Collected material:
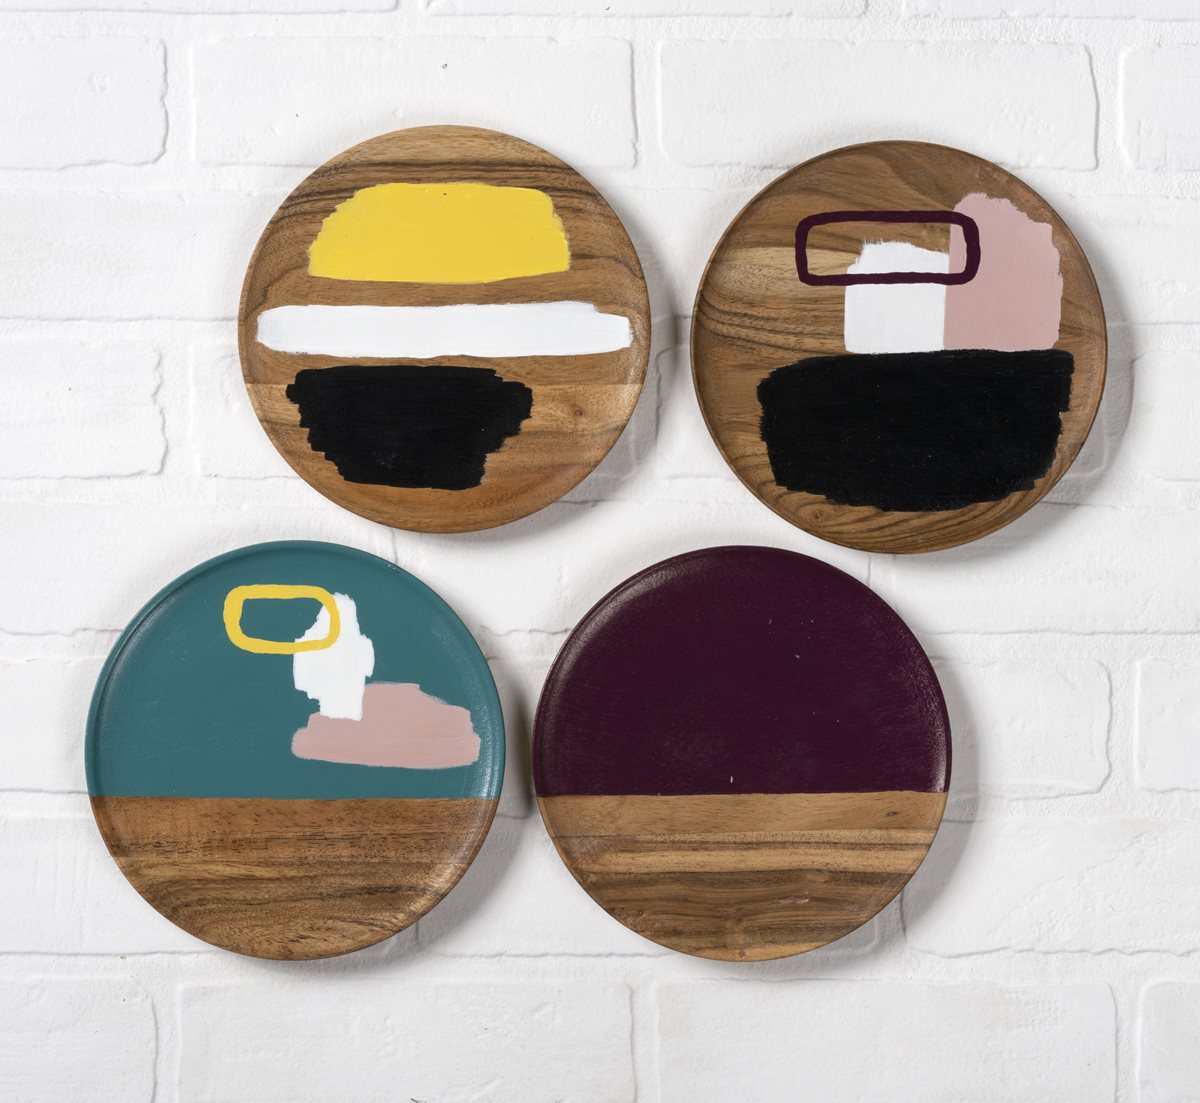 FolkArt One Gloss Wood Plates
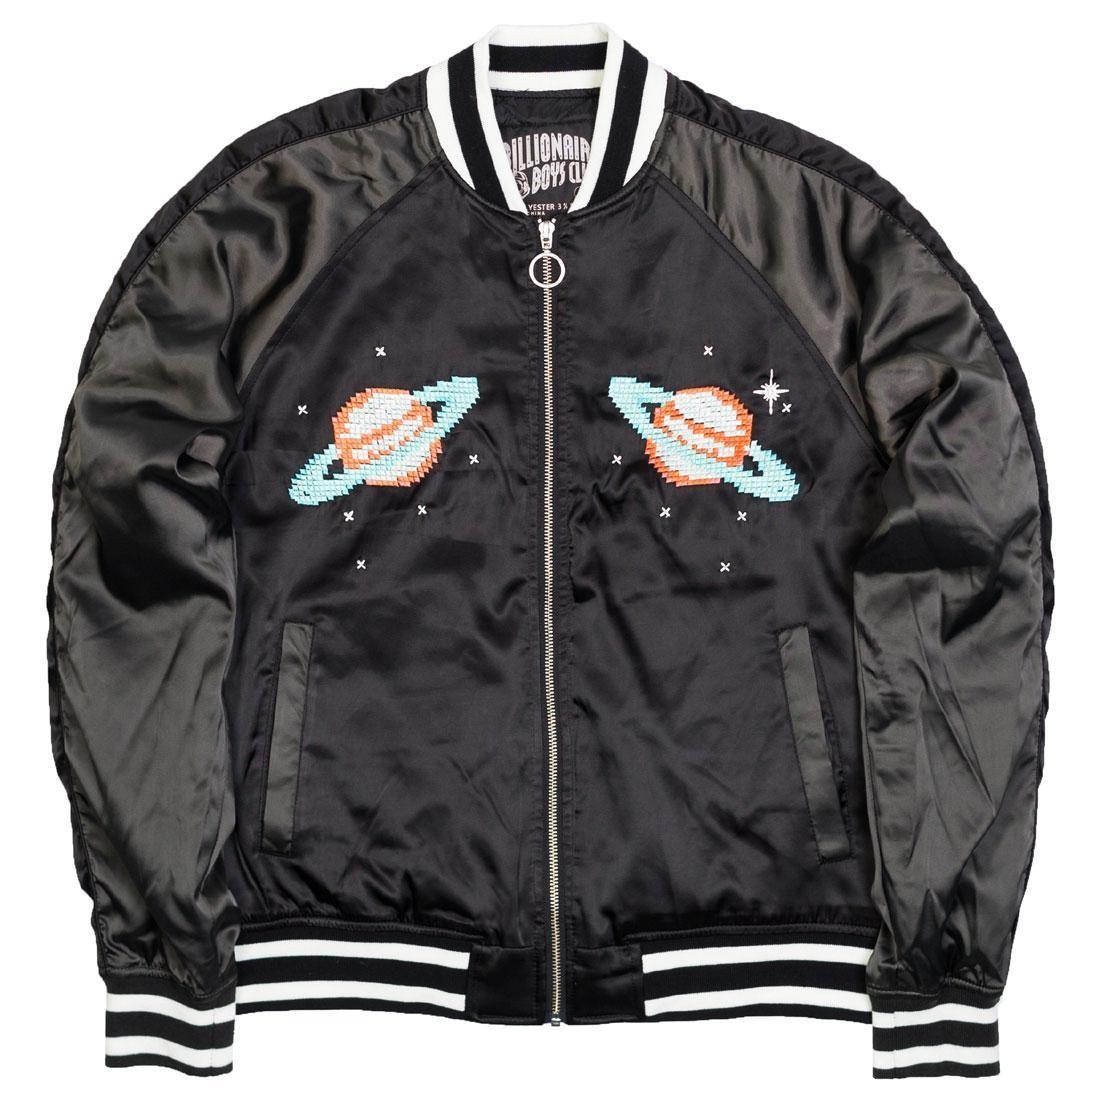 306a088d0 Billionaire Boys Club Men Flare Jacket black
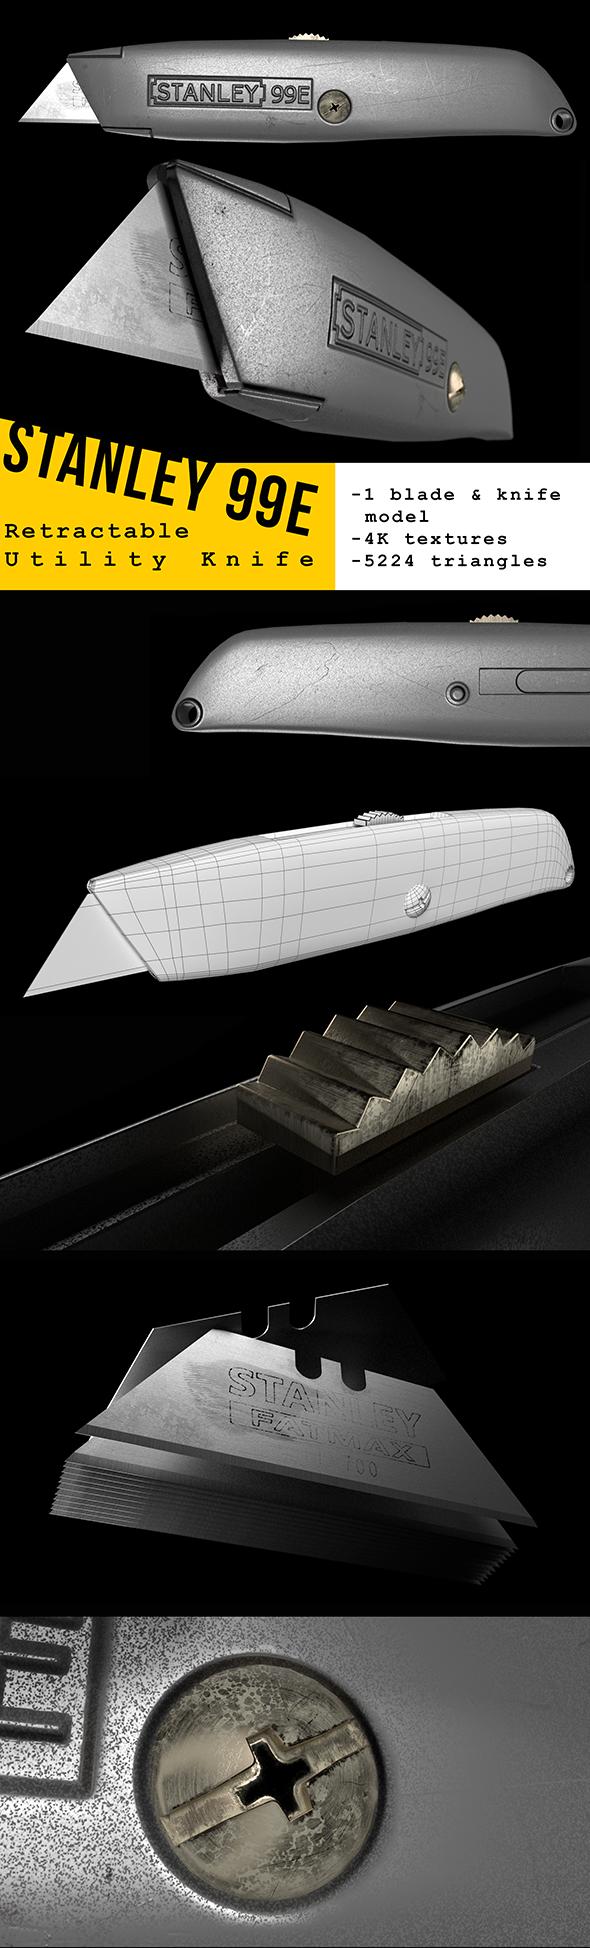 Stanley 99E Utility Knife 3D Model - 3DOcean Item for Sale

Task details: Would you output the data exactly, without any of its images?

Response area:
 FolkArt One Gloss Wood Plates
 306a088d0 Billionaire Boys Club Men Flare Jacket black
 Stanley 99E Utility Knife 3D Model - 3DOcean Item for Sale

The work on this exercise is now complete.